Of the few changes to the revolver, lightweight models seemed to be in some favor due to their being, well, lightweight. That is, until you actually had to shoot one with even modest loads. My old Smith & Wesson Model 36 was a handful to shoot even with standard 158-grain SWCHP ammunition. Weight, sometimes, is a good thing.

When Sturm, Ruger & Co. introduced the SP101 in 1988, my interest in compact revolvers increased, but it took quite a while to act on that interest.  Eventually, a SP101 KSP-321X (.357 magnum with 2.25-inch barrel) found its way into my carry routine. The weight of this little “tank” (as it was often referred to), made the compact SP101 mostly pleasant to shoot with modest loads, and with 125-grain .357 magnum ammunition going out the muzzle the SP101 was still manageable while the flame at the front end was as impressive as the recoil.  But, again, I opted for the 1911-based pistol as my primary carry – and have ever since.  While most other DA revolvers (including a Smith $ Wesson Model 686, two Taurus Model 36s, and  Dan Wesson Model 715) were sold, the Ruger SP101, a Ruger 4.2-inch GP100, and a Ruger 5-inch GP100 is all that remained of my DA revolvers – until now.
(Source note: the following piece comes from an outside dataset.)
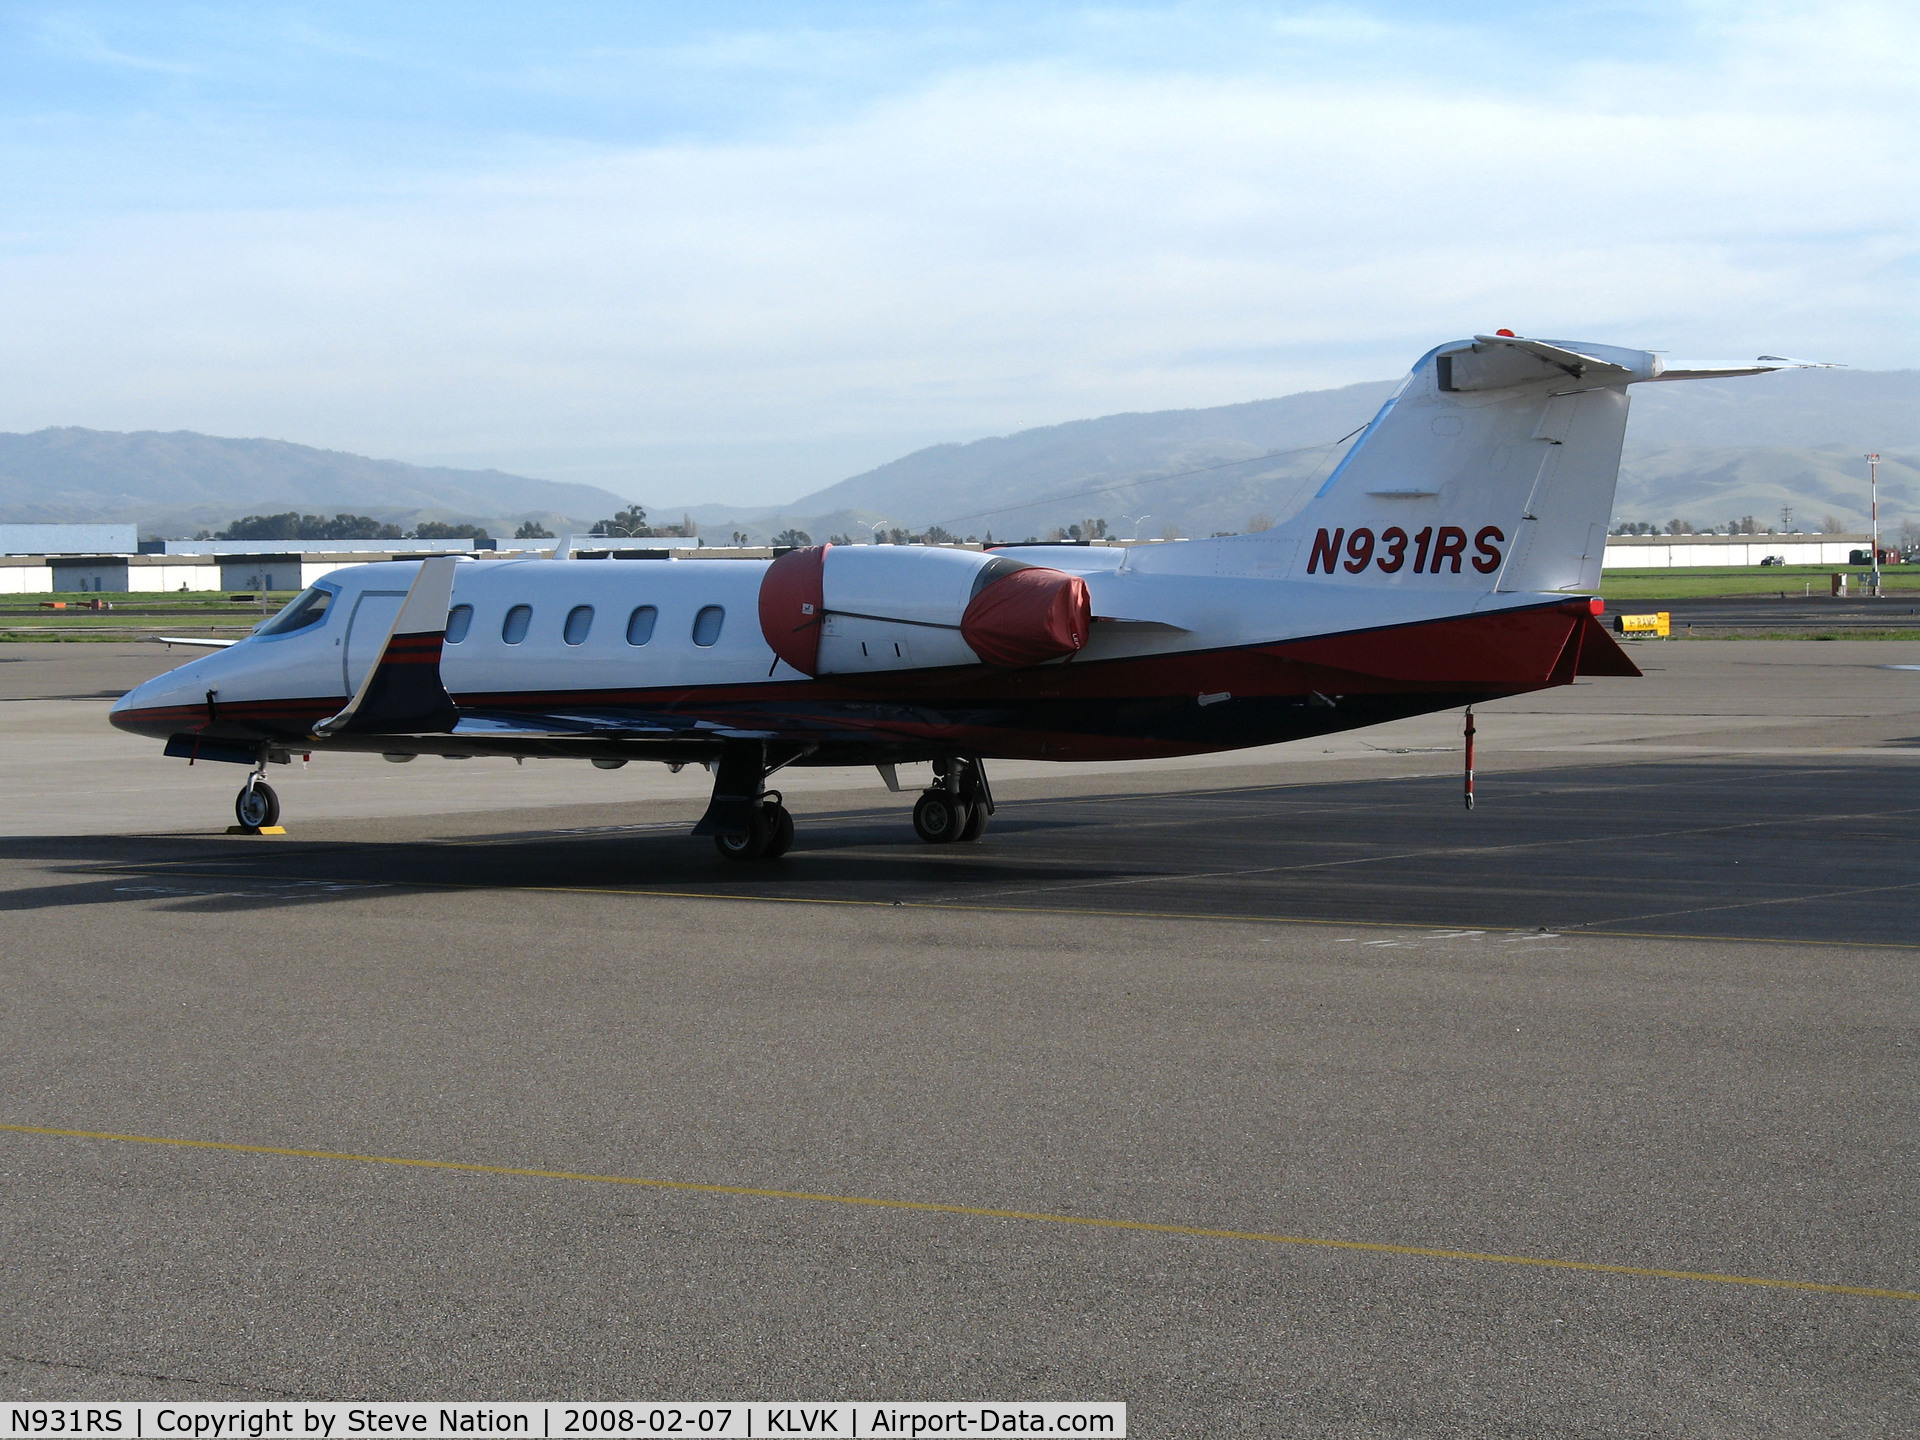 N931RS, 1999 Learjet Inc 31A C/N 184, Russell Stover Candies Inc. 1999 Learjet 31A from Kansas City, MO @ KLVK (Livermore Municipal Airport, CA)

As I mentioned, I think that DA revolvers took a dive in interest among shootist in much same fashion as single-actions revolvers fell from favor in favor of double-action revolvers. Although many still liked the SA and DA revolvers, many felt that the higher capacities of the semi-automatic pistols were the best means to defend yourself and the homestead in general. While the revolver may no longer be the mainstay of self-defense these days, that is not to say that the revolver ready for extinction; it is still evolving, but just at a slower pace. The recent introduction of the Kimber K6S is a testament to the fact that DA revolvers are still evolving.

I handled, but had not shot, a Kimber K6S when one arrived at my local gun club and range some time ago.  The K6S had some features that I really liked; it was DA only (no protruding hammer spur to catch on clothing), Tritium night sights front and rear, recessed cylinder chambers, brushed stainless steel finish, excellent fitting rubber grips, an unfluted cylinder, and most of all – six shots were available (as compared to most ‘snubby’ revolvers of this size that have a five shot capacity.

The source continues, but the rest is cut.